=== TASK ITEM ===
Only the pictures should be left out; write out all other data exactly.

=== DATA SEGMENT ===
┄┄┄┄┄┄┄┄┄┄┄┄┄┄┄┄┄┄┄┄
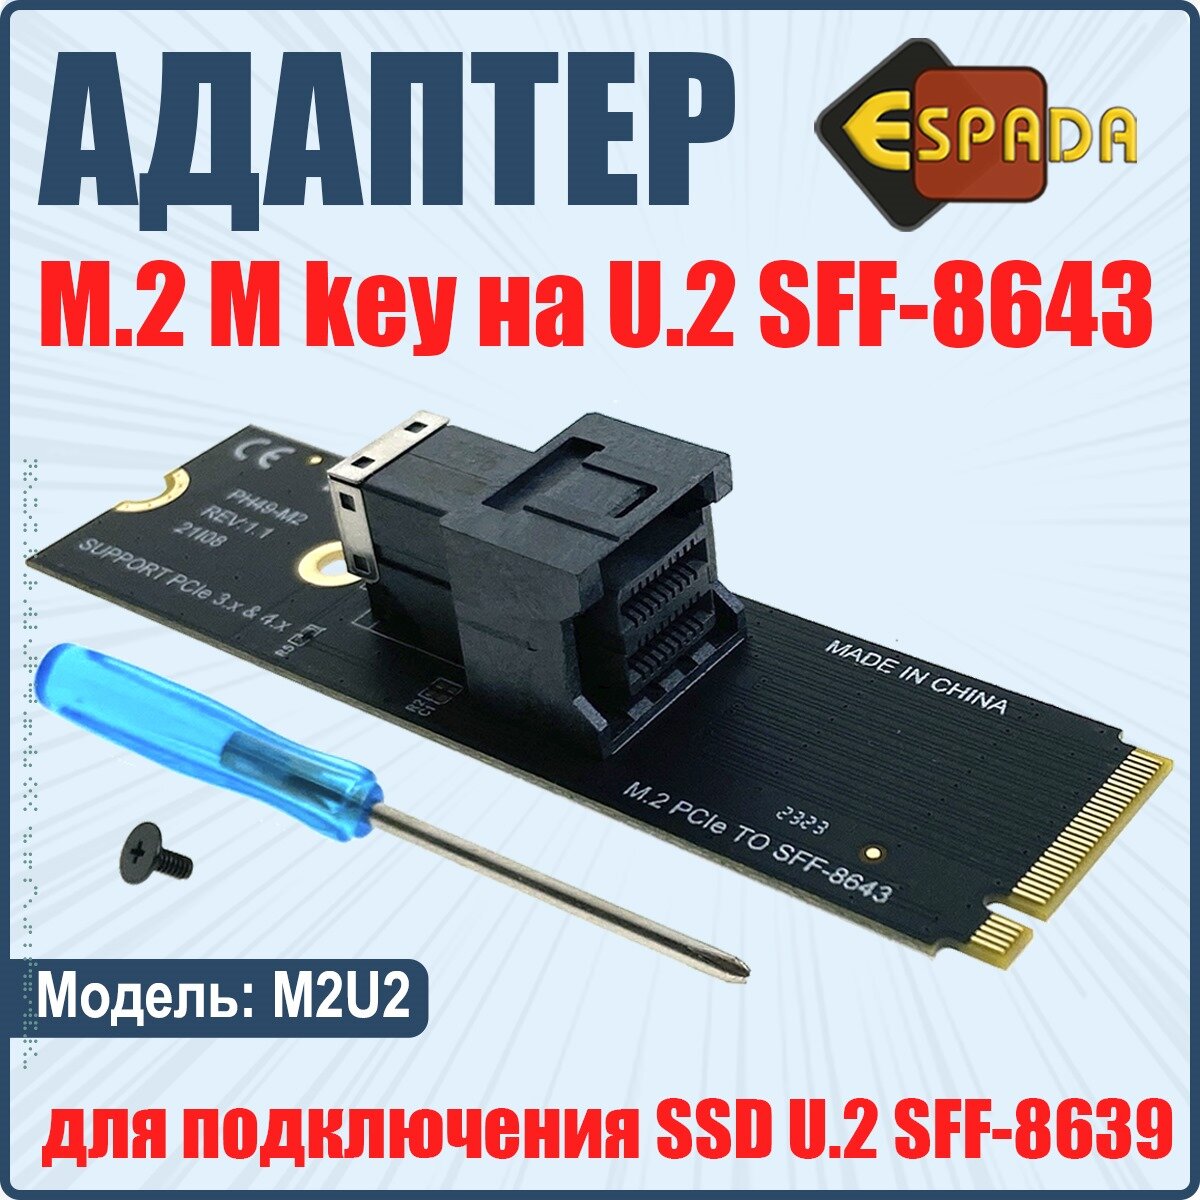 Адаптер для подключения SSD c разъемом U.2 SFF-8639 к разъему M.2 M key модель M2U2 Espada
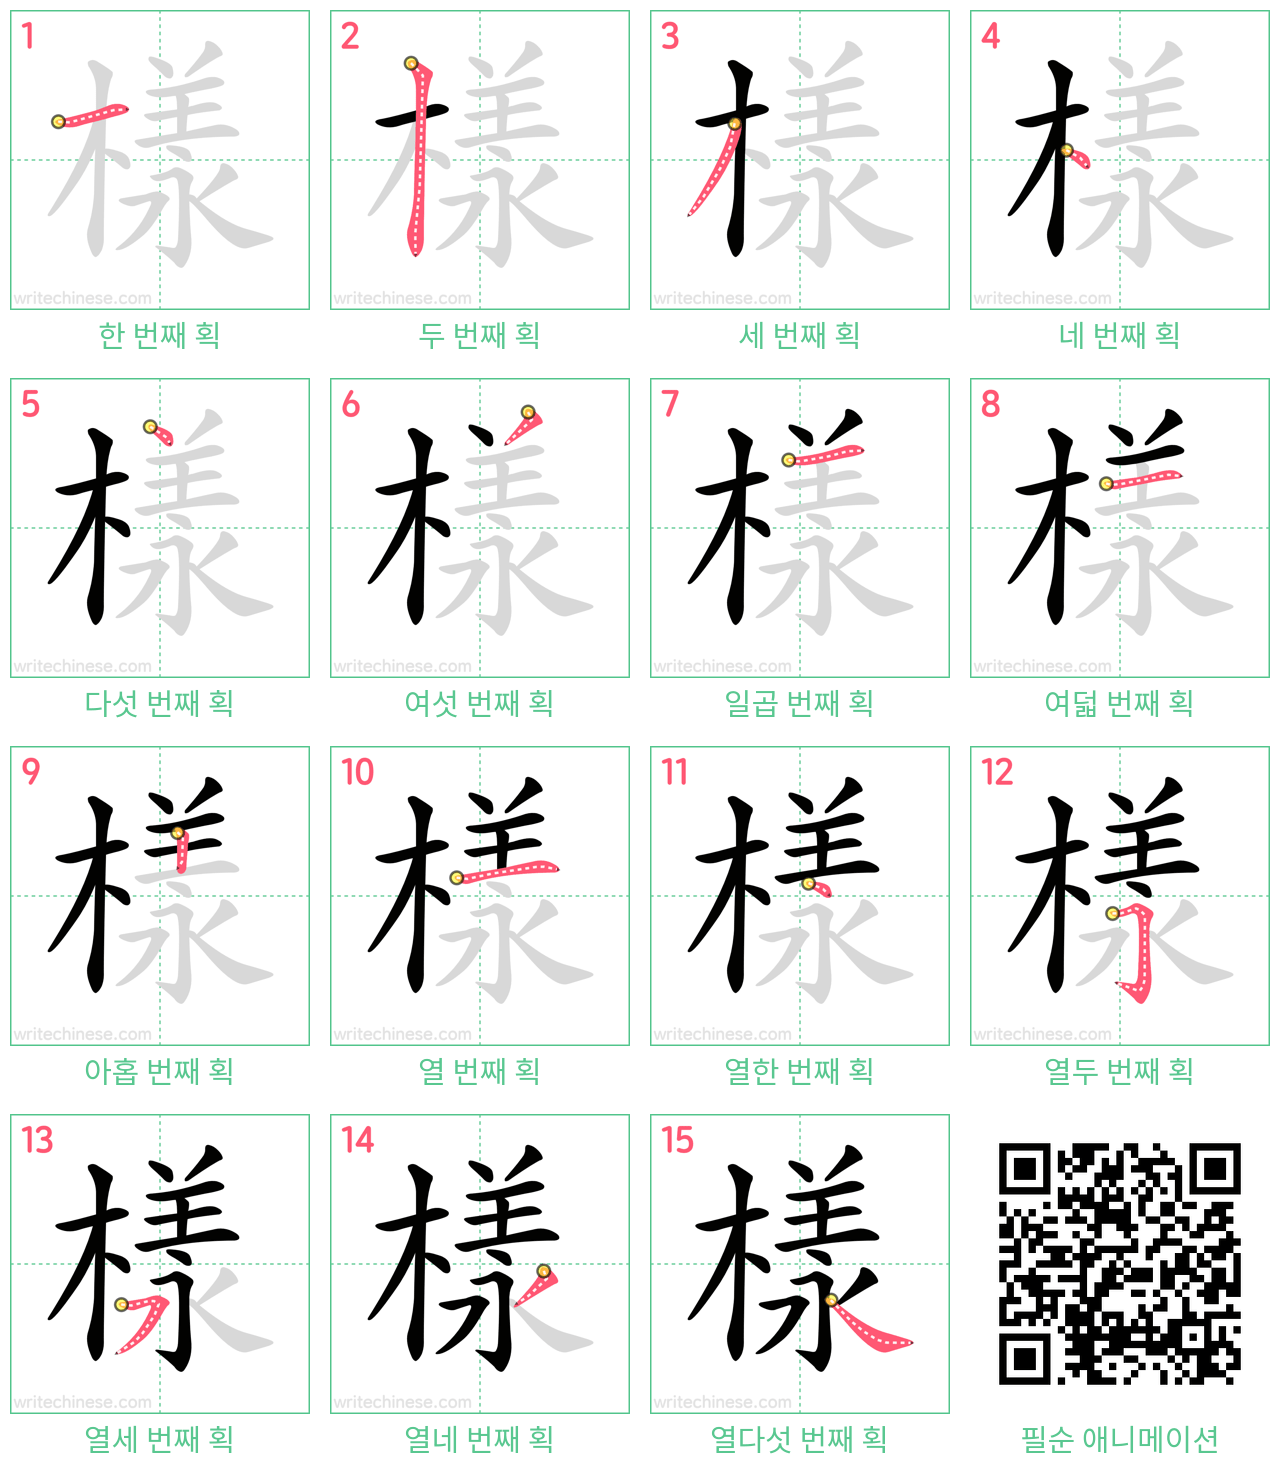 樣 step-by-step stroke order diagrams
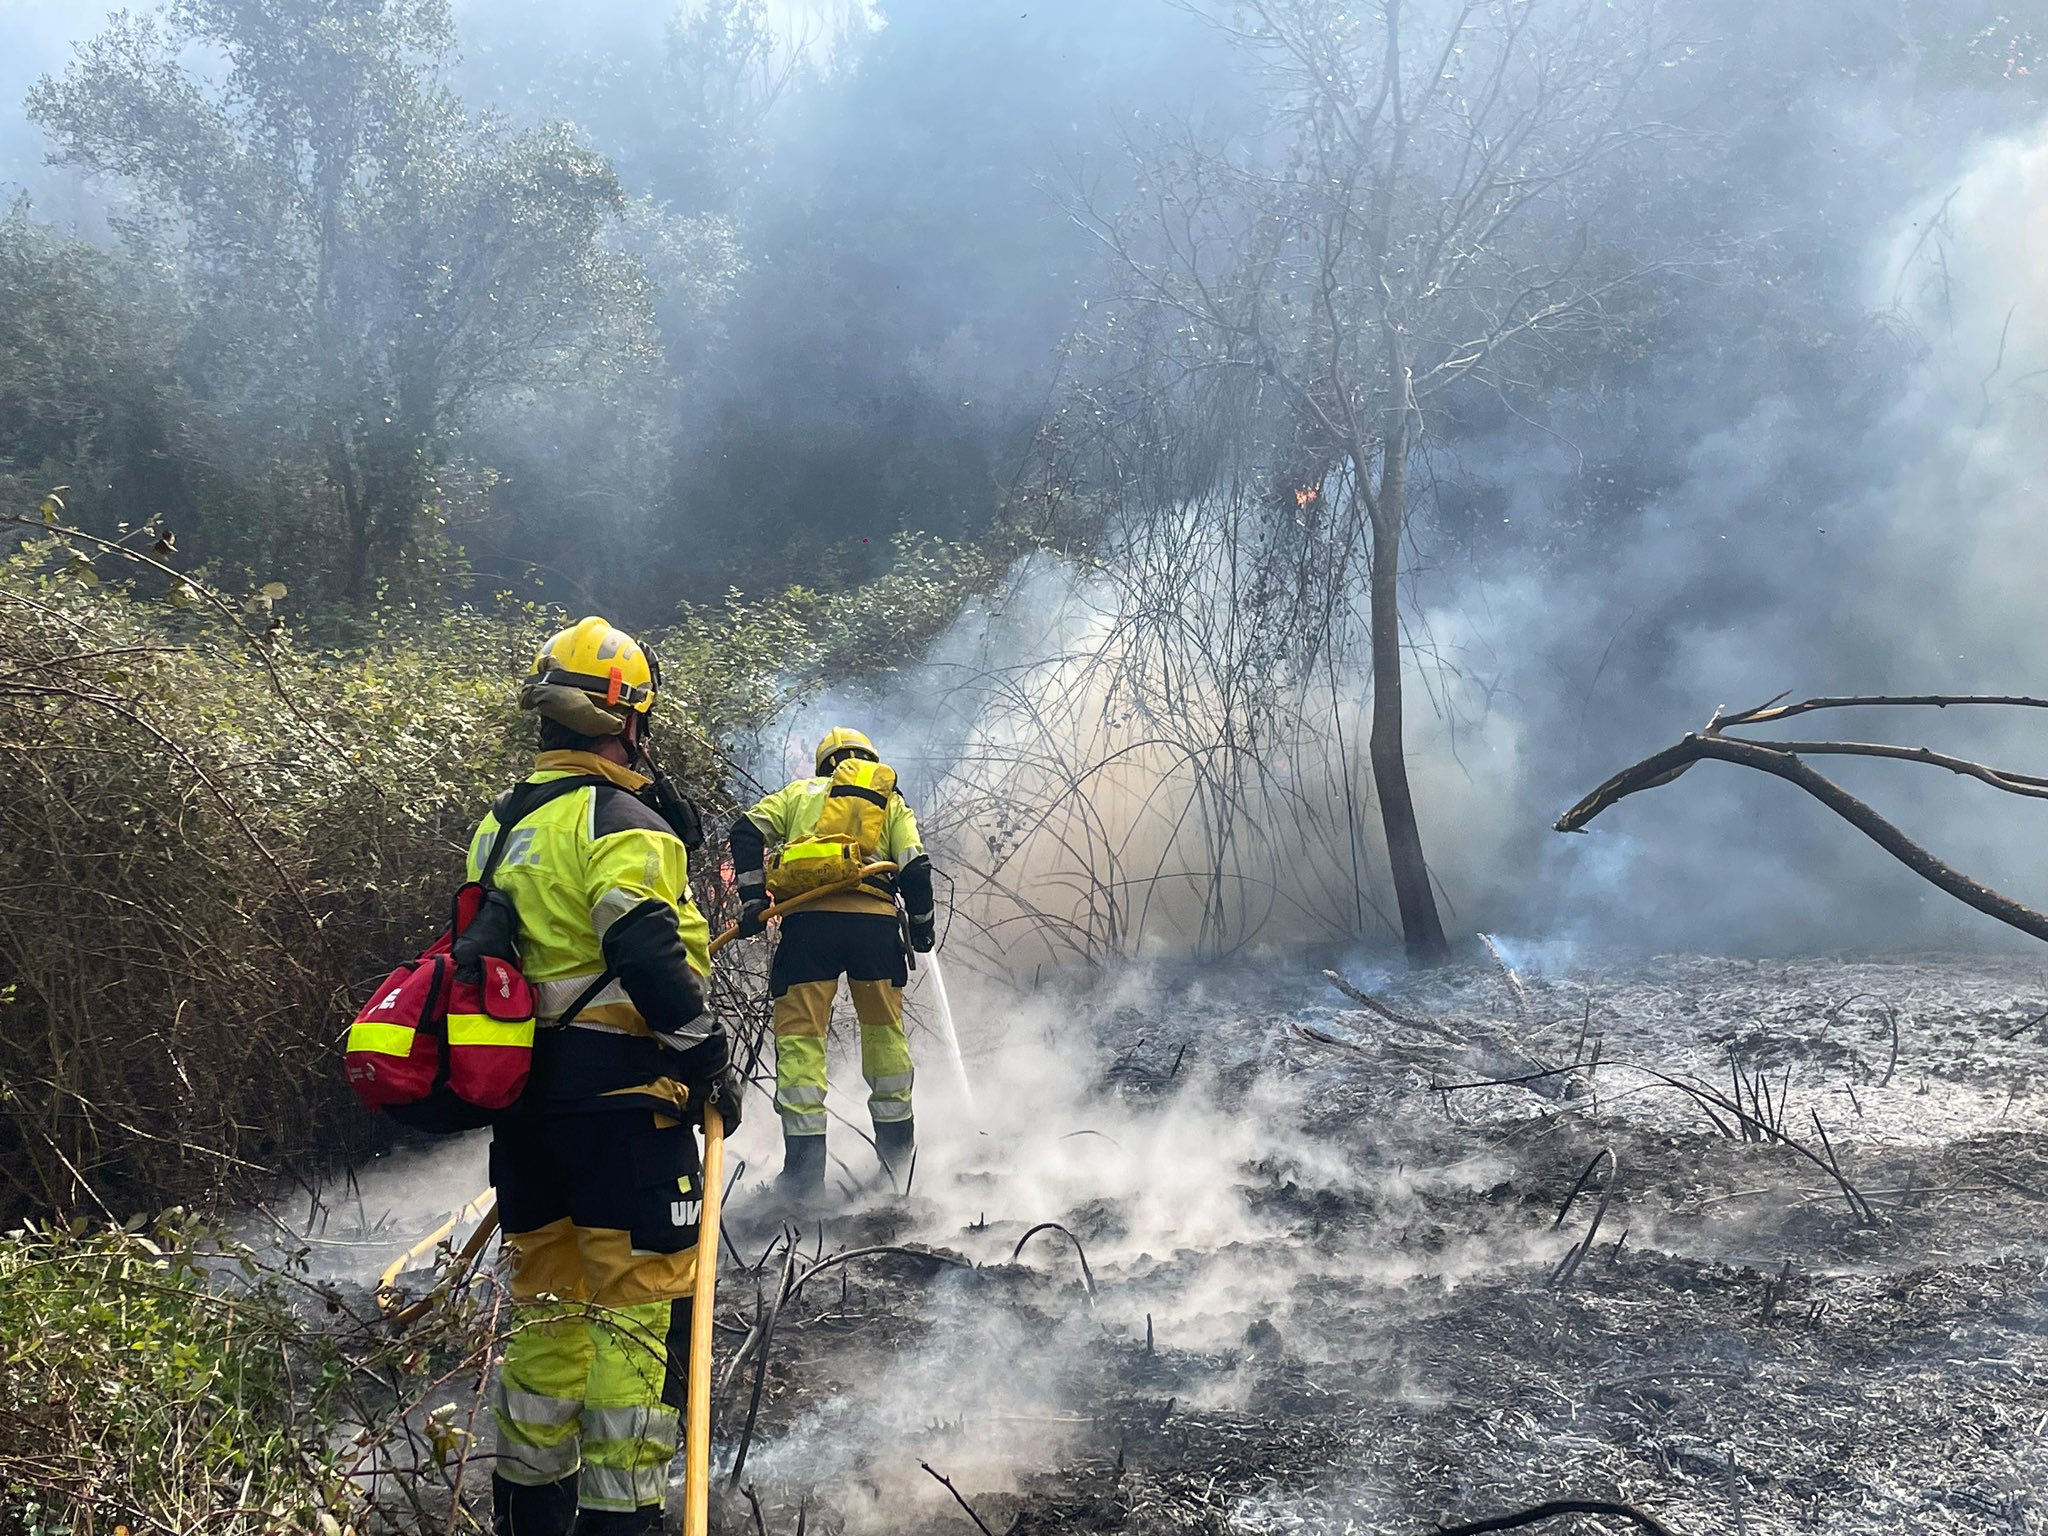 Bomberos apagando el incendio propagado en la zona forestal del río Albaida
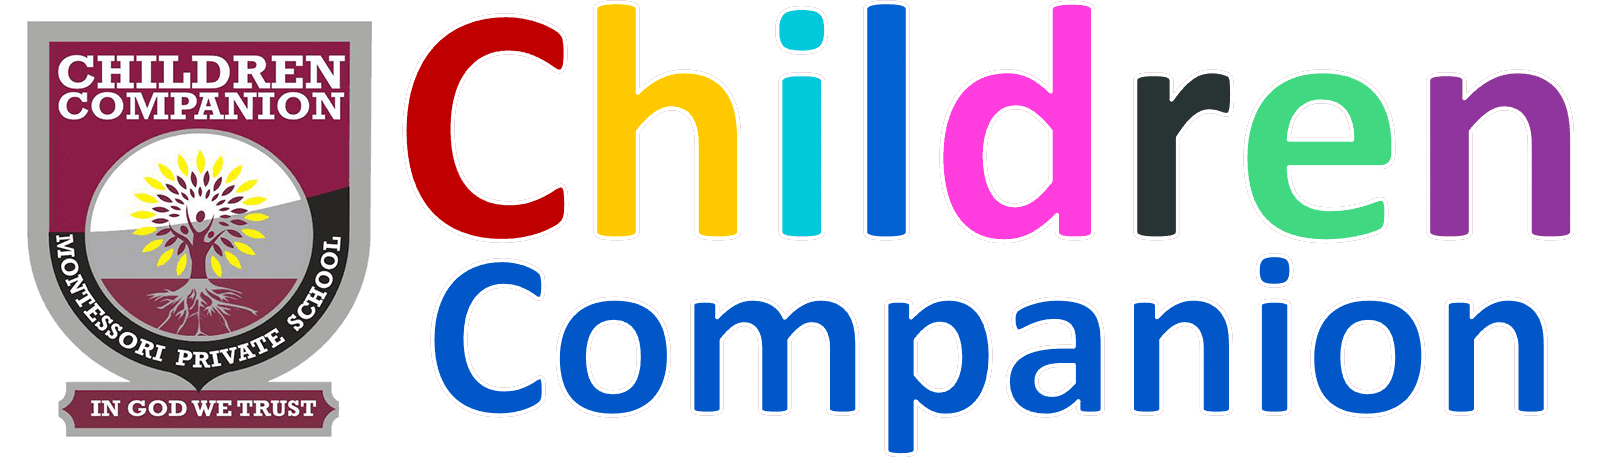 Children Companion
┄┄┄┄┄┄┄┄┄┄┄┄┄┄┄┄┄┄┄┄
=== FINISHED TASK ===
 Адаптер для подключения SSD c разъемом U.2 SFF-8639 к разъему M.2 M key модель M2U2 Espada
 樣 step-by-step stroke order diagrams
 Bomberos apagando el incendio propagado en la zona forestal del río Albaida
 Children Companion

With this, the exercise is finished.